The intellect of ordinary people, which investigates ultimate reality, cannot refute in a single stroke all four conceptual extremes. But by refuting these four extremes one after the other and by meditating properly, one reaches the path of seeing. This is called the view that sees the dharmadatu.

To analyze the extremes of existence and non-existence, Ju Mipham advises students to contemplate and establish the lack of inherent existence and then contemplate the extreme of non-existence. In contemplating step by step and enumerating the conceptual extremes, a student progresses toward the ultimate. When all extremes have been analyzed, they reach the non-enumerative (true) ultimate.

===Fifth===
In the fifth assertion, analysis of objects with respect to approximate (enumerated) ultimates does not create a problem of true establishment. A distinction can be made when analyzing for each case, including the two approaches to cognition (one for the conventional domain and the other to analyze for ultimacy) which are his additions to the Pramana tradition of valid cognition.
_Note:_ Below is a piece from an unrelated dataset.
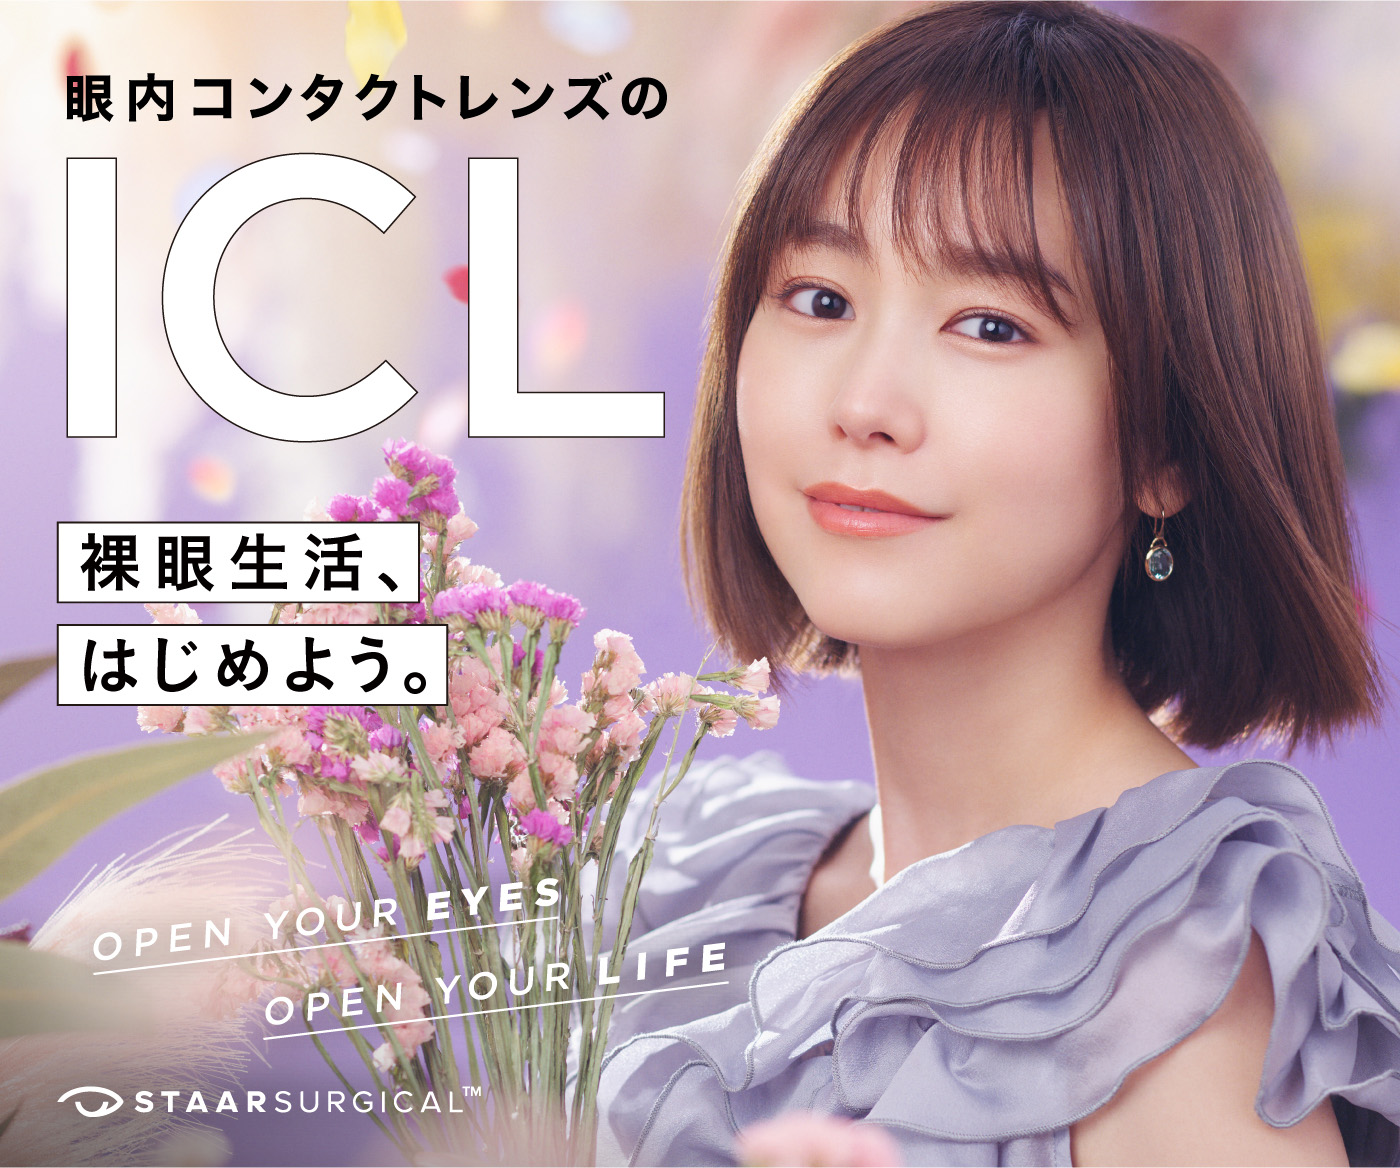 ICL・IPCL

Mipham uses this demonstration in his commentary to point out a problem with Je Tsongkhapa's approach of negating the predicate of "true establishment" instead of the object of perception, which is avoided in Śāntarakṣita's approach. Mipham also notes that many Prasaṅgika writers (similar to their Svatantrika counterparts) made positive assertions to move students closer to the ultimate view, pointing out that the distinction between Prasangika and Svatantrika lies in how students are taught about conventionalities and not in the consideration of ultimate truth. He concludes that Je Tsongkhapa, in making a distinction based on true establishment, proposes a Svatantrika rather than a Prasangika approach.